While thinking about breakout stars, one has to look beyond a single project or character that a player may be known for -- for example, Tim Meadowes may be a talented performer, but his movie The Ladies' Man isn't enough to justify inclusion here. Many SNL players have gone on to lots of roles, even widely-recognizable ones, yet they aren't actually known for who they are as performers beyond the "I know that face, who are they again?" type of recognition, and that ultimately is what makes a breakout star for this list. Others, like Dan Akroyd, are well-known players yet never quite were in demand enough to be seen as a breakout performer, despite a fairly successful career. This list also leaves out castmembers who were famous when they were brought in (Billy Crystal, Martin Short, etc.), and those who went on to fame without much impact on SNL itself (Julia Louis Dreyfuss, Damon Wayans, etc.).

So who are definitive breakout stars in SNL's history?

  • Chevy Chase - 1975-76 - Chase was huge in the show's first year, basically the "face" of the show, but left after the first year to seek Hollywood fame as a movie star.
  • John Belushi - 1975-79 - the madman, the x-factor, he stayed with the cast while ramping up a Hollywood career, but the features kept coming in and he finally departed the show, only for him to overdose a few years later.
  • Gilda Radner - 1975-80 - while other stars went on to bigger fame, Radner turned down big Hollywood projects trying to do stage work instead, and her quirky career choices made her challenging to follow but easy to remember before her untimely passing.
  • Bill Murray - 1977-80 - Chase's replacement himself grew into a massive hit actor for his unswerving comedy work, then Hollywood came knocking and he did it his way to become one of the biggest movie stars of all time.
  • Joe Piscopo - 1980-84 - while today a punchline, Piscopo was the go-to guy for characters during the behind-the-scenes upheavals at SNL, he was the big man on campus, and just wasn't able to parlay that momentum after SNL, only a stand up special and a few movies.
  • Eddie Murphy - 1980-84 - the kid, living on Piscopo's couch while starting at SNL, quickly became the other face of the show for his era with unwavering commitment to his own comedy. Unlike Piscopo, Murphy was able to transition into massive success with movies and stand-up, all while still a player at SNL for as long as he could.
  • Jon Lovitz - 1985-90 - Lovitz's work on SNL's second massive transition back to Lorne Michaels' control made him one of only two players to survive that '85 season's culling, and Lovitz's characters became household icons; after SNL, Lovitz focused more on a stand-up career and now owns two comedy clubs.

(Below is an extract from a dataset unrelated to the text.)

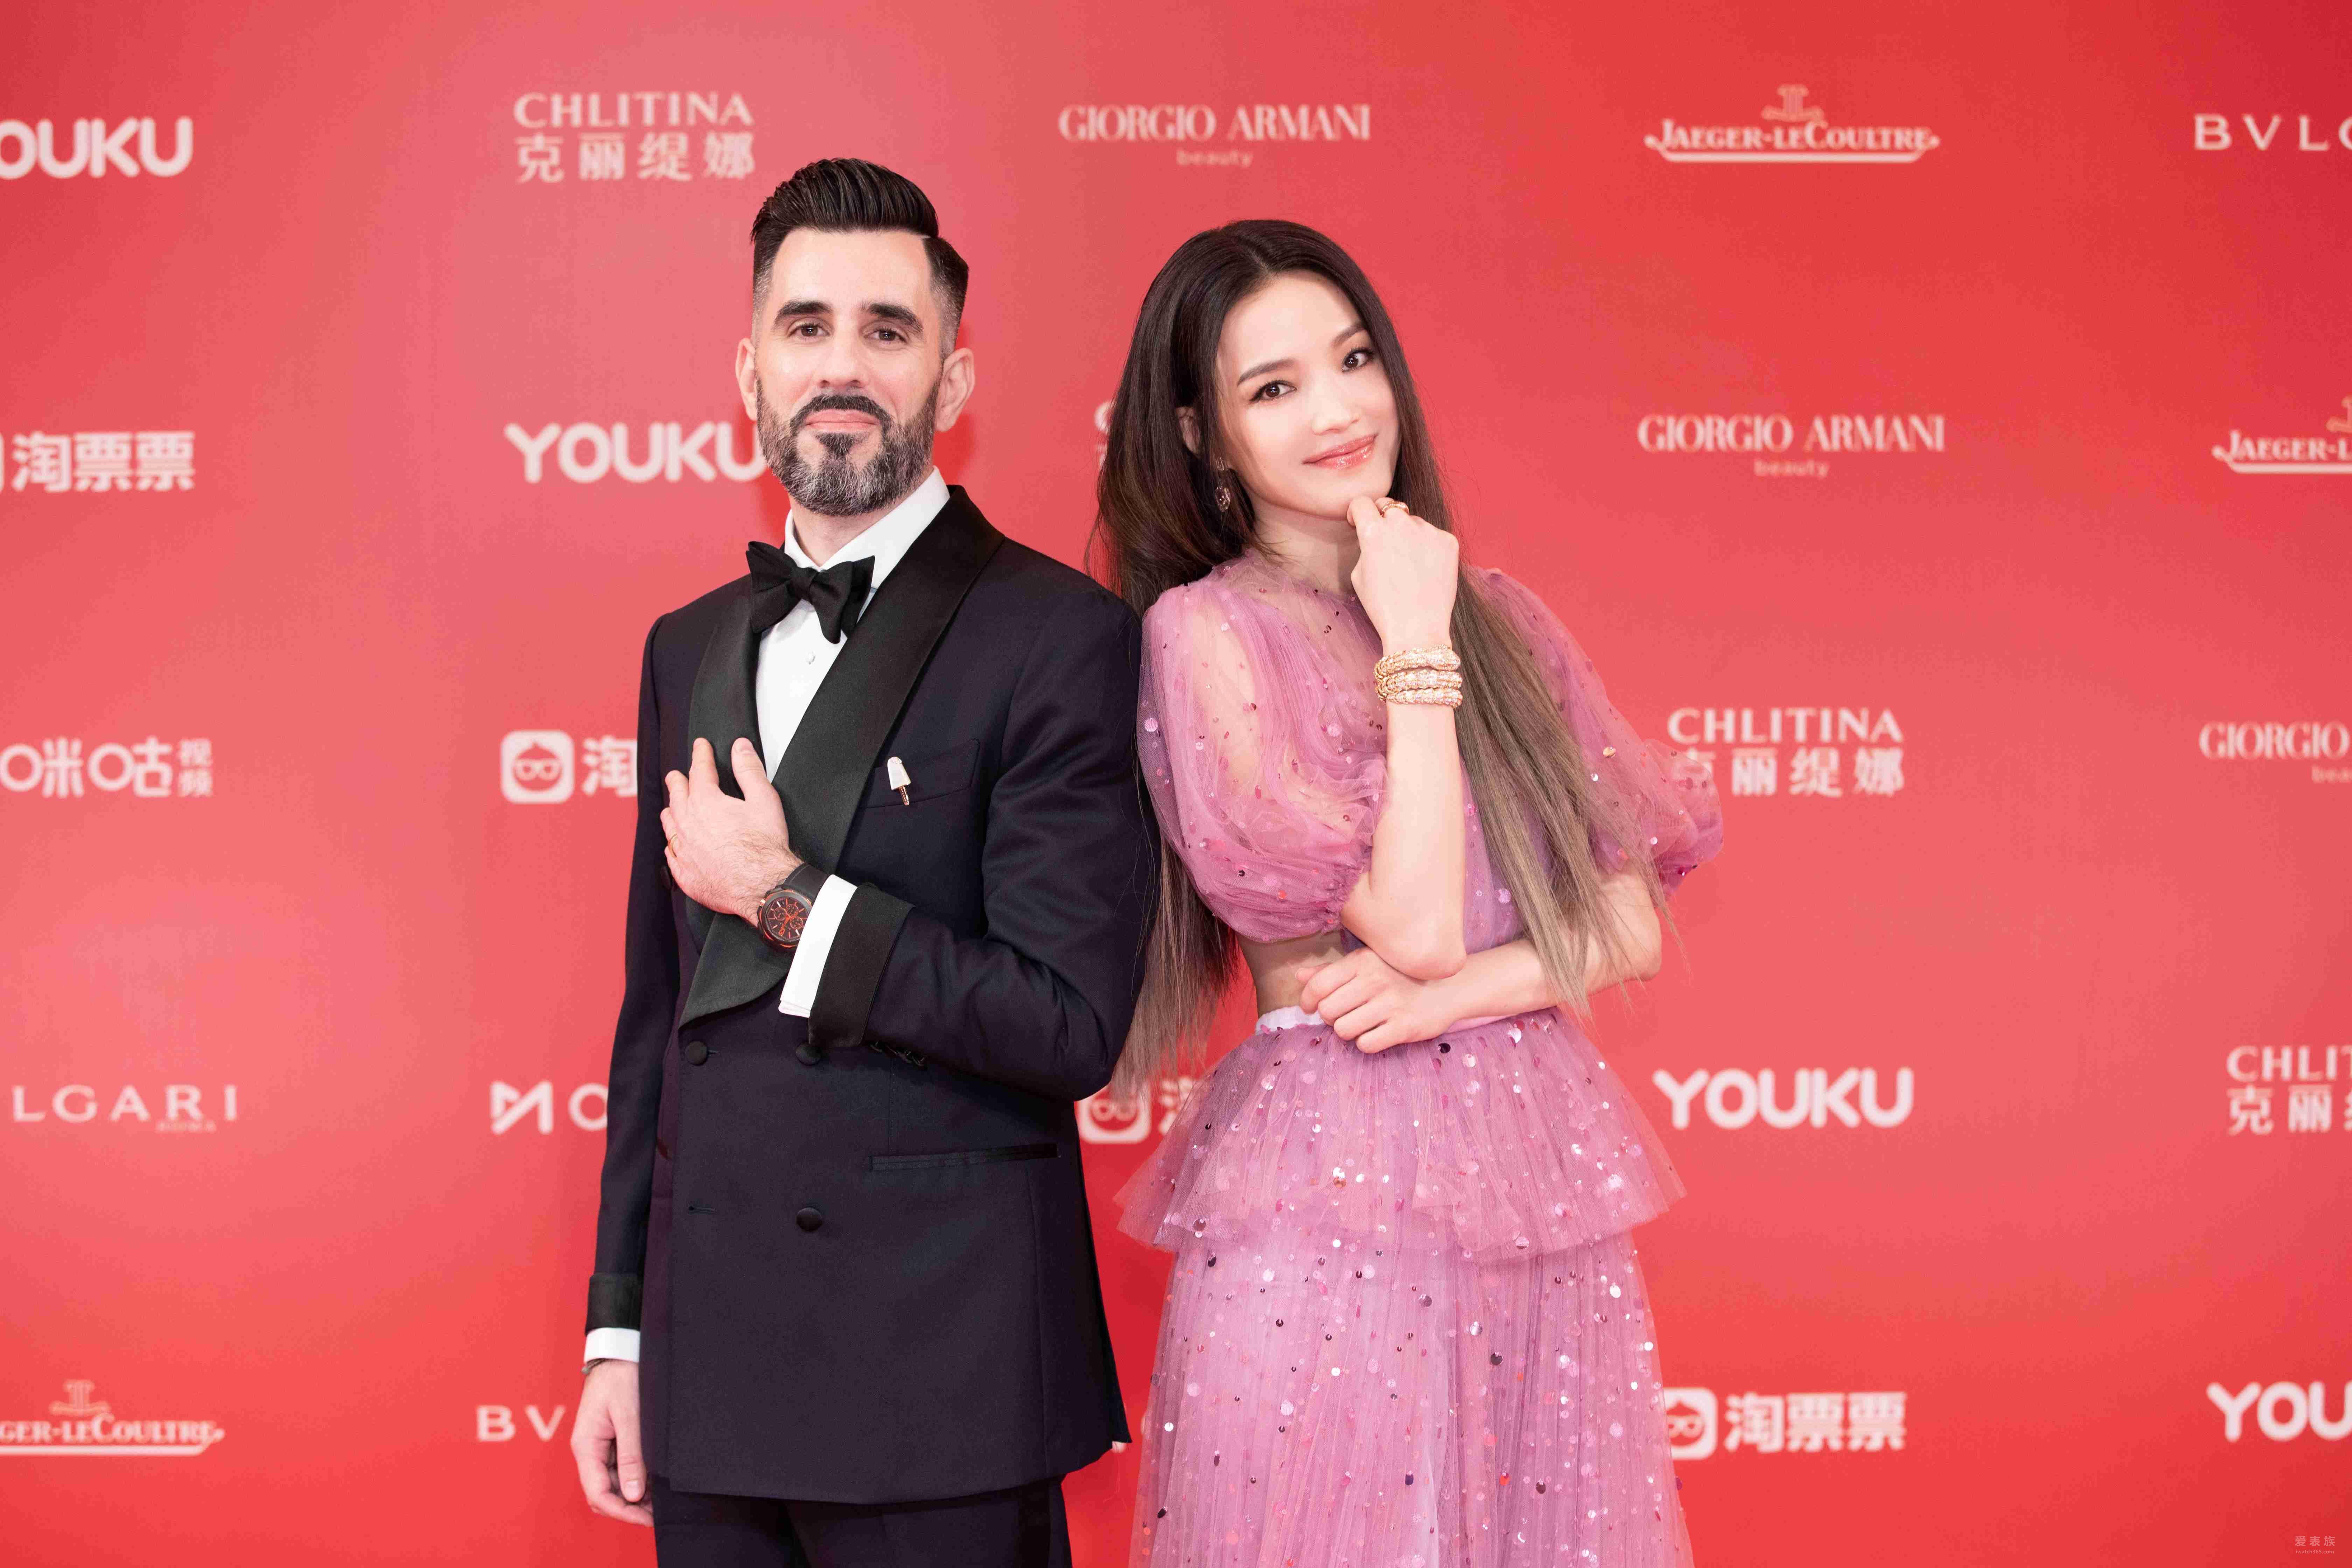 舒淇、佟麗婭、湯唯、姚晨等佩戴寶格麗 華彩閃耀第22屆上海國際電影節開幕式紅毯

  • Dennis Miller - 1985-91 - the other player who survived the '85 culling, Miller made his bones mainly behind the desk of Weekend Update by bringing it back to sly relevance, and has since made his name on talk show and similar material.
  • Phil Hartman - 1986-94 - a player who made being an SNL character actor into a household name, Hartman did anything thrown his way with professional aplomb and just a hint of personal style, his post-SNL career was looking solid as a star on an ensemble sitcom when his life was cut short.
  • Mike Myers - 1989-95 - Myers worked his way up to stardom by writing most of his own standout material on the show, creating a lot of notable characters during SNL's second wind, and parlaying that into a film career that started with one of those characters' movies (a pattern first found by Lorne Michaels with Akroyd & Belushi's smash hit The Blues Brothers, but has suffered as many misses as hits).
  • Chris Rock - 1990-93 - Rock had been a young standup and was just turning that into an acting career when SNL came knocking, but Rock had to claw for screen time in order to capture our attention, all while still doing local stand-up, and has since become a massive stand-up star and a moderate film star to boot.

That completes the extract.